In the early light of the morning, apart from the eerie stone song, the only sound to be heard was the far-off squawking of the white ravens perched at the top of the Loftus Observatory. Gradually, though, as the seconds passed, the low drone of the rocks became louder and more plaintive, like the mournful lament at a goblin wake, until one after the other, the uppermost rock on each stack gave a long low howl as it wobbled and shook, and then slowly rose up.
‘Harvest!’ roared the rock bailiff, rushing through the Stone Gardens, waving his staff above his head. ‘In the name of Sanctaphrax, harvest!’
At the sound of his voice, the academics leaped into action. The ‘net-tenders’ pulled their poles free, and the great circular nets closed round the rising rocks, weighted by the fire-floats. For a moment, the huge boulders hovered above the stacks. Then, one by one, fringed by the warmth of the glowing floats, the
y slowly sank.
As the rocks approached the ground, the ‘rock-fasteners’ surged forward with their glowing callipers and seized the floating boulders in their fiery jaws. Great hisses of steam rose like storm clouds and, as the rock-fasteners held them tight, the rocks’ mournful howl was extinguished.
All round the Stone Gardens the same procedure was being enacted. At a towering rock stack beside the Edgewater River, a team of cloudwatcher under-professors from the prestigious College of Cloud - each one wearing a scuffed, worn tilder-leather apron that betrayed their years of experience - netted and clamped their rock with both speed and precision. At the rock stack next to them, a team of fog-graders from the minor Academy of Fog was faring less well. Cobbled together only that morning, the group was a hotch-potch affair, ranging in age from callow apprentices to an elderly professor in his nineties who, despite his experience, was slow and so shaky that the others had to snatch his pole away from him before he got it tangled up in the net.
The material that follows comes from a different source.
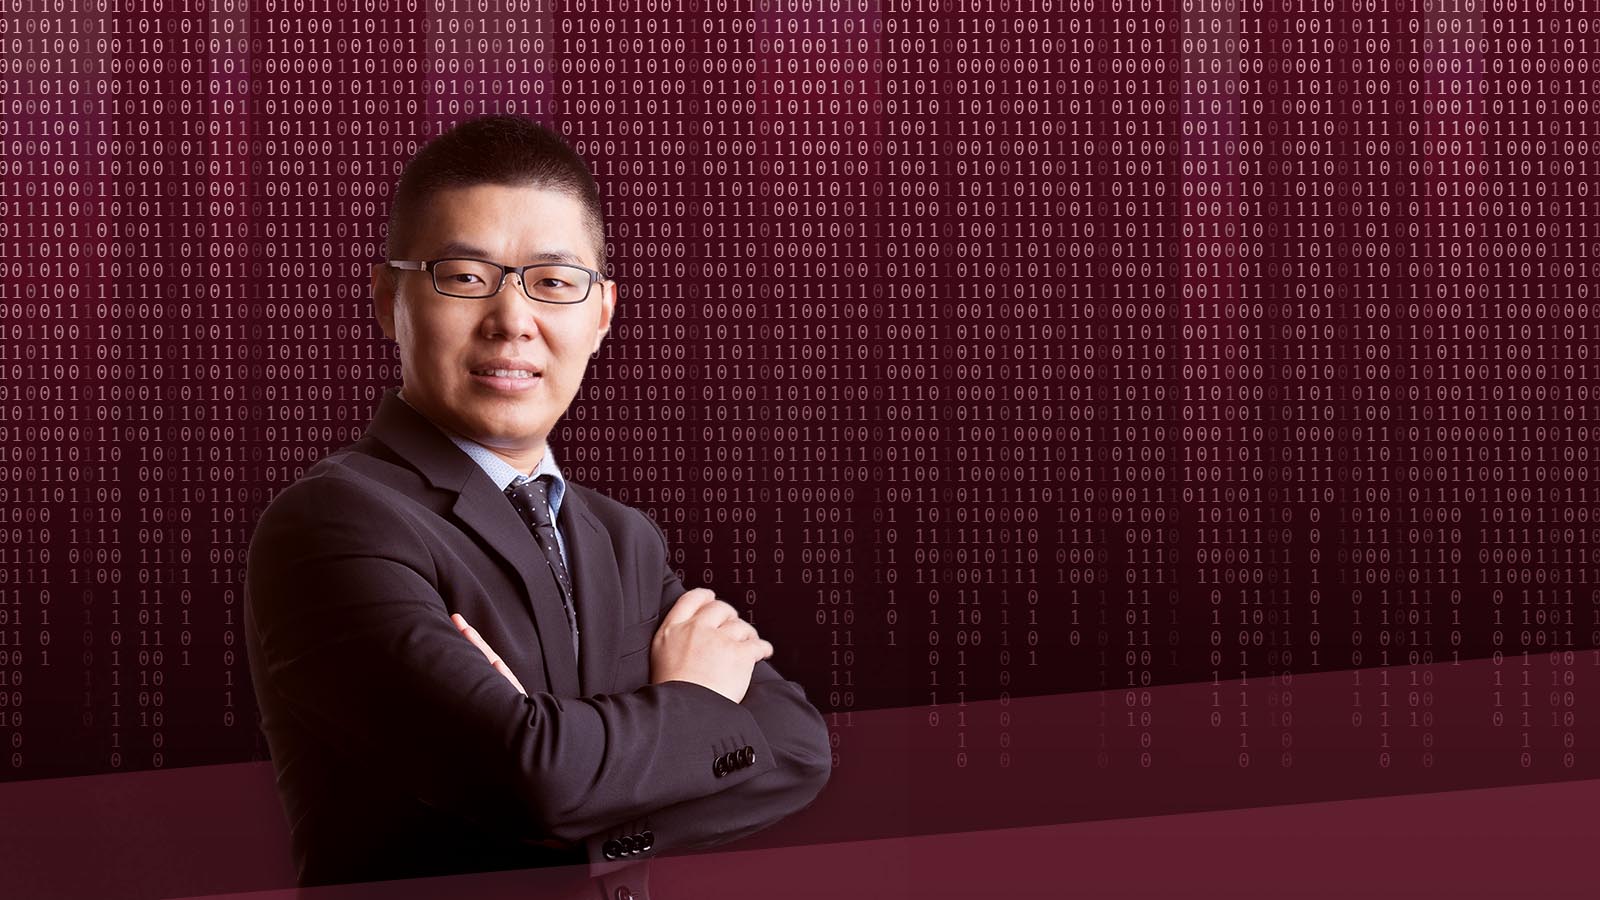 Yanyan Li co-developed an easy-to-use cybersecurity education tool designed to leverage cloud resources for instructors and provide an exceptional user lab experience for students.

Meanwhile, in the easternmost part of the garden, a group of seven young apprentice raintasters, their deep blue hoods pulled up over their heads, had set to work with enthusiasm. They’d raised their poles and positioned the net as they’d been shown, and when the rock had risen up from the stack, it had been caught and warmed, until it slowly descended once more.
But then, as two of them clamped the rock with the heated callipers, they noticed that something was badly wrong. The apprentice on the brazier bellows hadn’t pumped them hard enough. The charcoal hadn’t blazed hot enough, which meant that the callipers themselves had glowed red rather than white-hot. So, while all around them, the clamped rocks from other stacks had fallen silent, their own rock had continued to howl like a wounded tilder.
Worse than that, it began to rise up off the ground. The raintasters swarmed round their embattled rock-fasteners, concern plain on their faces. Twenty years it had taken for the rock to reach maturity. Twenty years! Pushing up from the ground, growing larger and lighter while those above it had been harvested, one after the other. Twenty whole years - about to be wasted, because of one moment of carelessness.